Não é de admirar porquê. O que deve ser a energia que flui ao longo de meridianos prateados se sente mais como raias irregulares. É frustrante. Minhas curas deveriam corrigir esse desequilíbrio há muito tempo, mas só piorou.

"O Bijuu?" Eu pergunto, com um tom tão firme como posso reunir.

Ele segura o lado de sua cadeira. Não é um bom sinal. "O Bijuu está sob controle", ele encaixa, os olhos cintilando vermelho.

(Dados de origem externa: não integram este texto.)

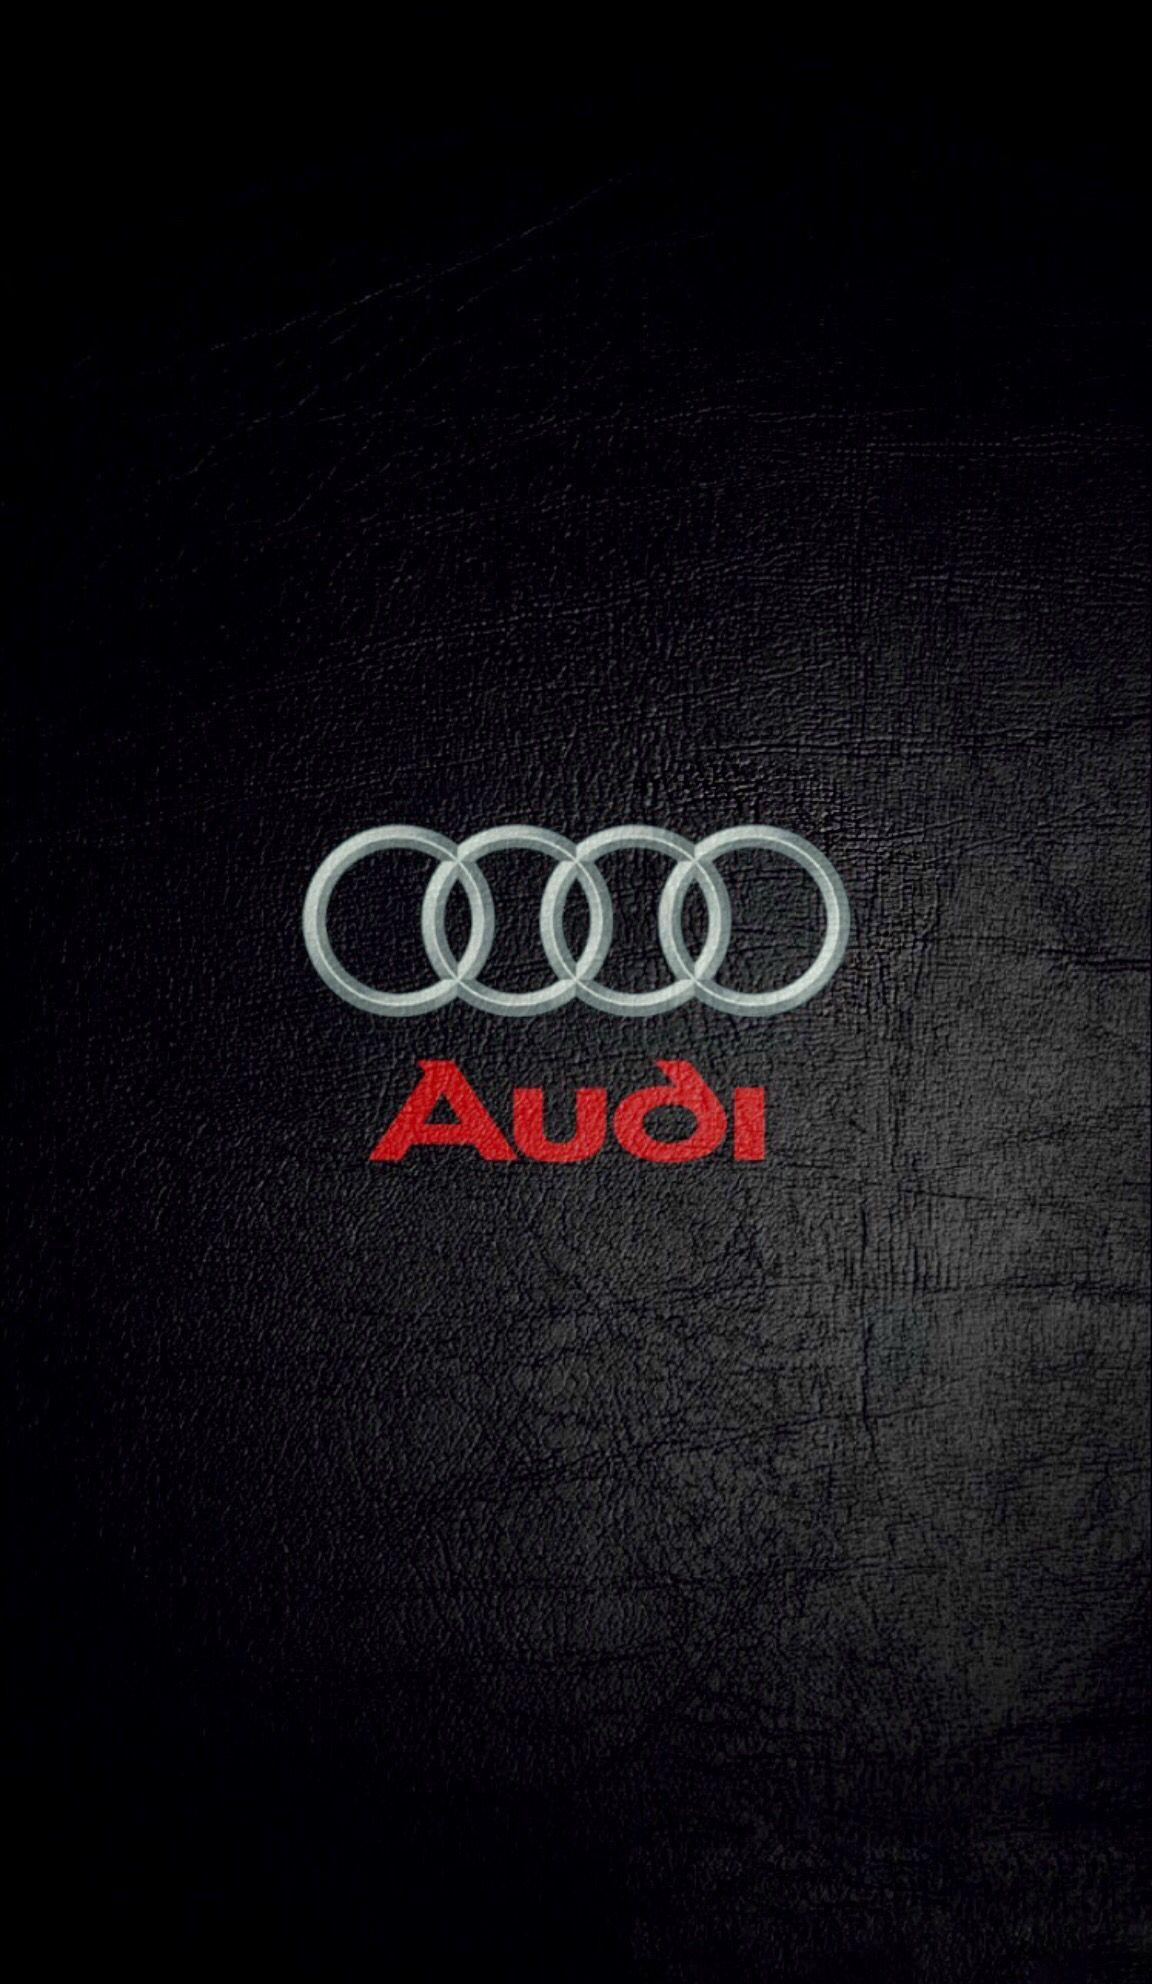 Audi Iphone壁紙 Audi 壁紙 Iphone 背景 背景画像 Audi Cars Modified Wallpaper Iphone壁紙 In Iphone Wallpaper Luxury Car Logos Sports Car Wallpaper

Fecho meus olhos e aprofundo e achei a verdade para mim. Sasuke tomou um pedaço de todo o poder do Bijuu antes de os ter escondido. Normalmente, o poder das Forças atadas é como uma bola densa de energia trancada em seu plexo solar. Hoje, essa esfera de poder é fissurante, ardendo rachaduras percorrendo sua concha e enviando interrupções ao longo de sua rede.

"Eu vejo", é tudo o que eu digo. Eu faço o meu melhor para suavizar seu chakra, mas eu sei que não vai conseguir muito. Mesmo sua rede ocular permanece vermelha e crua, apesar de tentar com toda a minha habilidade para diminuí-la.

Sakura-Chan!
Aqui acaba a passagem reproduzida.